LTR tweeted that it was "cool". Just wait until winter comes - and it will be *COLD*!


----------



## Long Train Runnin' (Sep 4, 2010)

I am indeed up here at Niagara. Last week marked the first full week of classes. Everything is going well up here. The heatwave that gripped the area finally ended today and instead of being 90 like it was yesterday the high will be a crisp 64.


----------



## WhoozOn1st (Sep 4, 2010)

Long Train Runnin said:


> Last week marked the first full week of classes.


Which means this is the first weekend of the semester. Shouldn't you be out taking advantage of that 3:1 chick/dude ratio you told me about? On the other hand, with such favorable odds maybe you can just relax and let them come to YOU!


----------



## Guest (Sep 4, 2010)

He's probably across the river in Canada chasing the Canadian women who are much friendlier than the New York ones! ^_^ Could also be with his buddies figuring out how they can go over the falls and survive since college freshmen are both young and daring! :giggle:

Seriously he did say that he will be in St.

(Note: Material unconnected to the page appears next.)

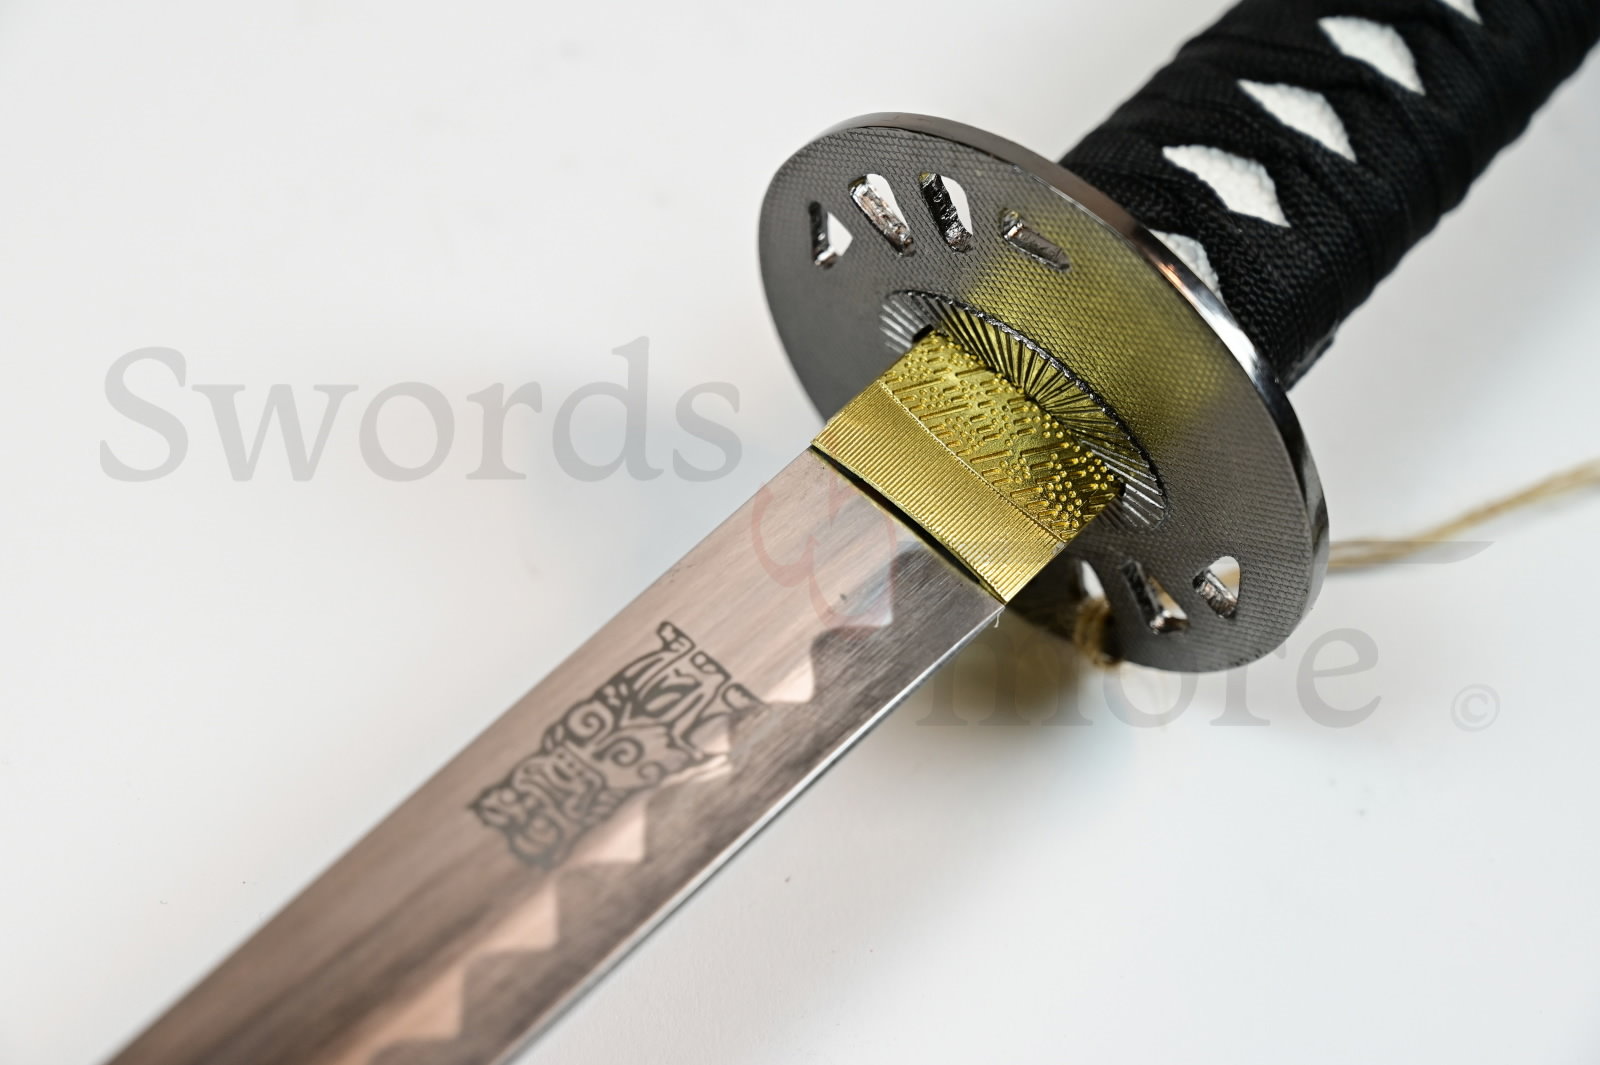 Kill Bill Hattori Hanzo Sword

Louis for the Gathering so guess we'll get a full report of the early days @ college!


----------



## MrFSS (Sep 4, 2010)

Ah, college - I vaguely remember that from 45 years ago. There wasn't even any Amtrak, then, either.


----------



## GG-1 (Sep 4, 2010)

MrFSS said:


> Ah, college - I vaguely remember that from 45 years ago. There wasn't even any Amtrak, then, either.


Aloha

I remember College fairly well, but that was because I worked in Disneyland to pay for it and majored in theater. While there was no Amtrak there was Route 66 which I drove coat to coast just before college.


----------



## MrFSS (Sep 4, 2010)

GG-1 said:


> MrFSS said:
> 
> 
> > Ah, college - I vaguely remember that from 45 years ago. There wasn't even any Amtrak, then, either.
> ...


That would be tough to do - Route 66 runs from Chicago to California.


----------



## GG-1 (Sep 4, 2010)

MrFSS said:


> GG-1 said:
> 
> 
> > MrFSS said:
> ...


Aloha

Well I did drive from CT to LA, but you are correct, part of the drive was on something else as I do remember the one error I made with the AAA trip tickets got me on 66 going east for a bit. Went about a mile before the road ended, reversed back and found the second route 66 sign going west. What a trip 4.5 days of seeing the country.


----------



## Long Train Runnin' (Sep 5, 2010)

Thanks for the well wishes everyone! I've already made some memories and already gotten shaken down by border patrol :lol: Can't wait to see everyone at the gathering.


----------



## Green Maned Lion (Sep 20, 2010)

You in college scares me. But at least you're not in New Jersey anymore.


----------



## Pastor Dave (Sep 27, 2010)

LTR,

Have a great Freshman year. Enjoy the college experience because it sure seems to go fast!

Dave


----------